Birchwood is a diverse neighborhood both culturally and socio-economically, Morgan said. Because riding a pump track doesn’t require an expensive bike, she sees this new addition to the neighborhood as a low-barrier way to connect with others outside.
“We’re hoping that this is an accessible pastime to get kids moving and connecting and in our diverse neighborhood, and be an activity for students that might not have a lot of access to other options outside,” Morgan said.
What began as a neighborhood conversation transformed into a nearly $55,000 WMBC fundraising campaign, and a formal partnership between WMBC and the city. In March 2019, Bellingham City Council approved the pump track.
Through the partnership, the city has applied for and obtained permits, while WMBC has provided funding and spearheaded design and layout.

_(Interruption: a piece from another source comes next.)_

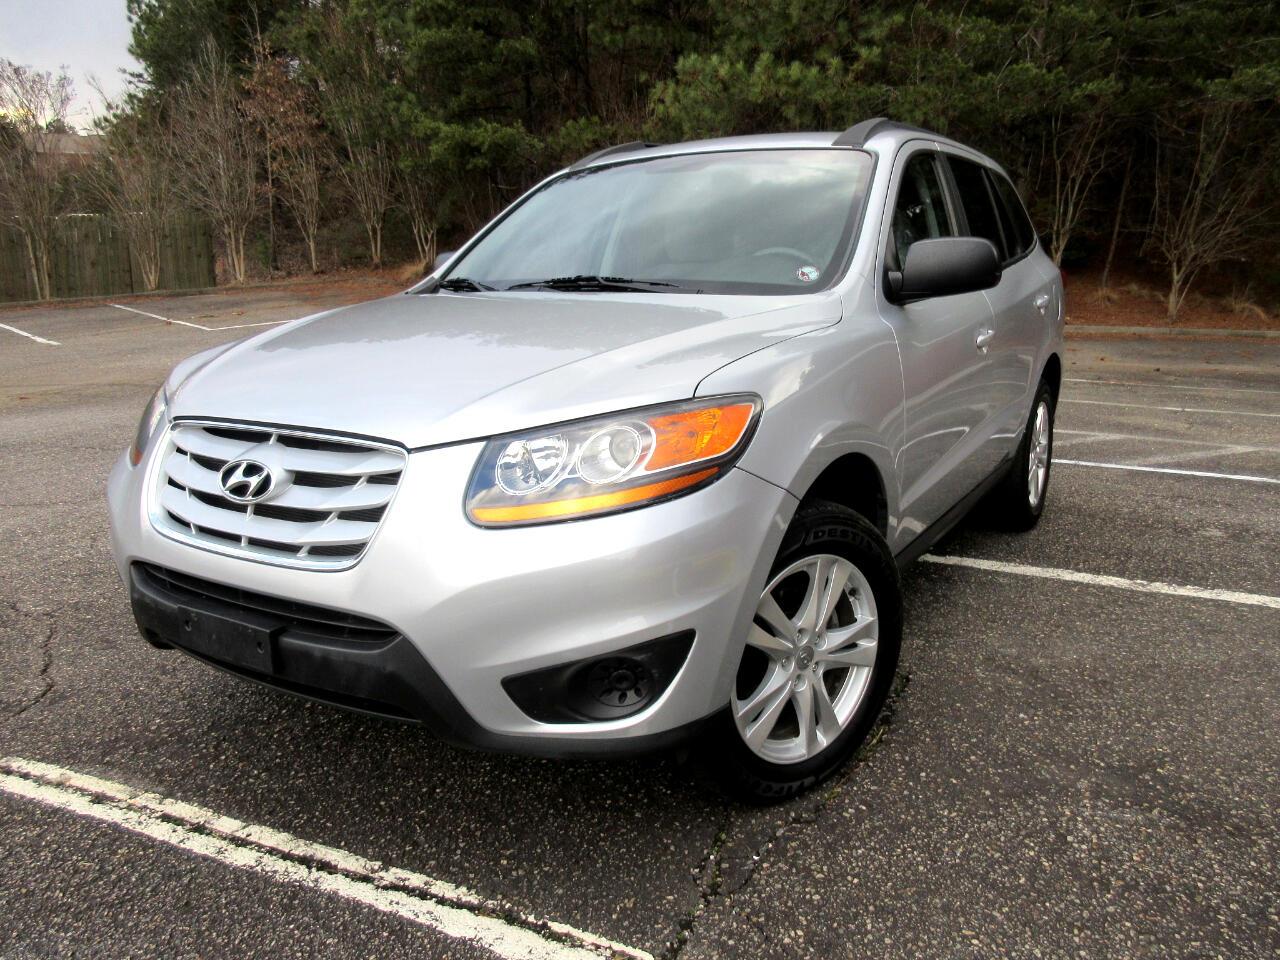 Hyundai Santa Fe GLS 2.4 FWD 2010

WMBC has also facilitated partnerships and received pro-bono services from Ram Construction, Freeland & Associates, Inc., and Associated Earth Sciences, Inc. for dirt hauling, stormwater design and soil testing, respectively.

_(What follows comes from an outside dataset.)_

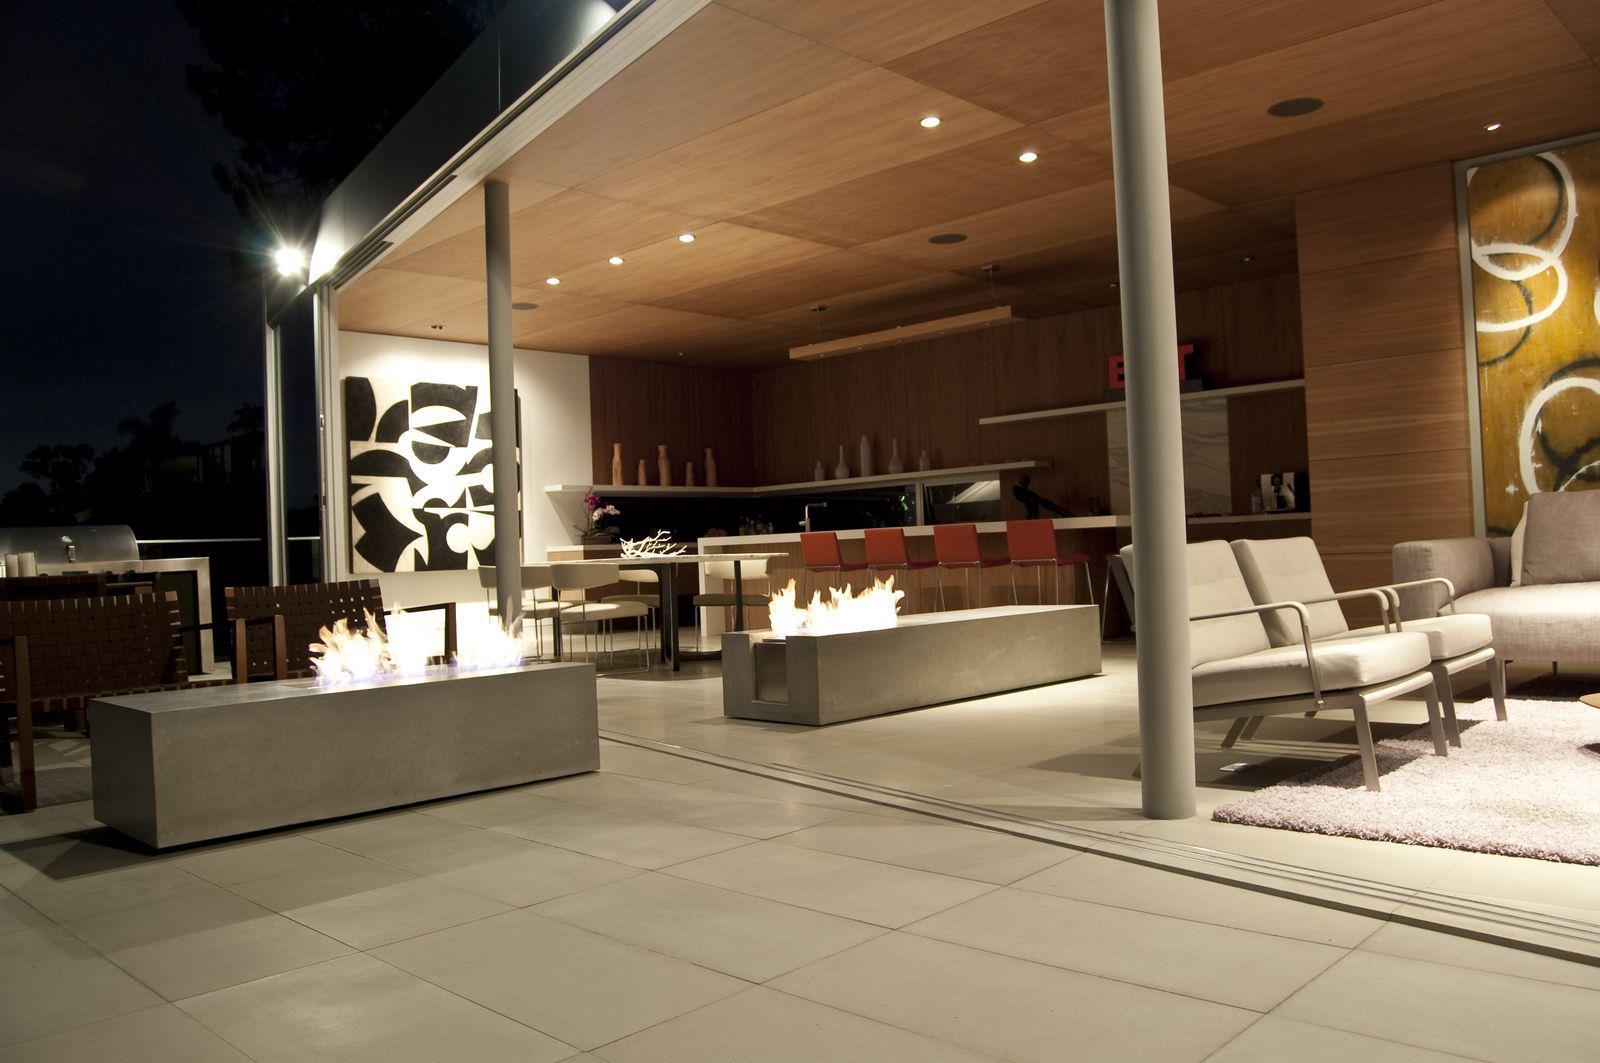 ecosmart fire xl900. Black Bedroom Furniture Sets. Home Design Ideas

“It’s a pretty specialized skill set to build a pump track, so we’re lucky to have the WMBC as these willing partners in our community,” Oliver said.
The pump track will be accessible to the Cornwall, Columbia and Birchwood neighborhoods via local trails.
“The cool thing about it is it’s tucked in there with the neighborhood around that Bay to Baker Trail, so from the standpoint of parents, their kids can get to it really easily. Mom and dad don’t necessarily need to drive them to it,” said Eric Brown, executive director of WMBC.
Brown said the WMBC crew will begin building the pump track as soon as the weather improves and the final permit is approved. Construction will take about two weeks and will involve an iterative process of building and riding the track to make necessary changes as they go.
“You build it, you lay it out, you start creating your pumps and your bumps and your berms and stuff, and then you go, ‘Wait, this doesn’t quite ride like we were hoping to ride,’” Brown said. “So then you make adjustments.”
Once construction concludes, WMBC and the city will take a week or two to clean up and add fencing and a kiosk before opening the pump track to the public. WMBC will continue to maintain the track as community members begin riding it.
Every pump track is unique — at Birchwood, Brown said, riders can look forward to new opportunities to catch some air. The pump track also offers a new opportunity for members of surrounding neighborhoods to come together.
“When people across cultures dance together, ride bikes together, eat together, they know each other in a more real way. And there might be real relationships developing between families with that pump track there,” Morgan said.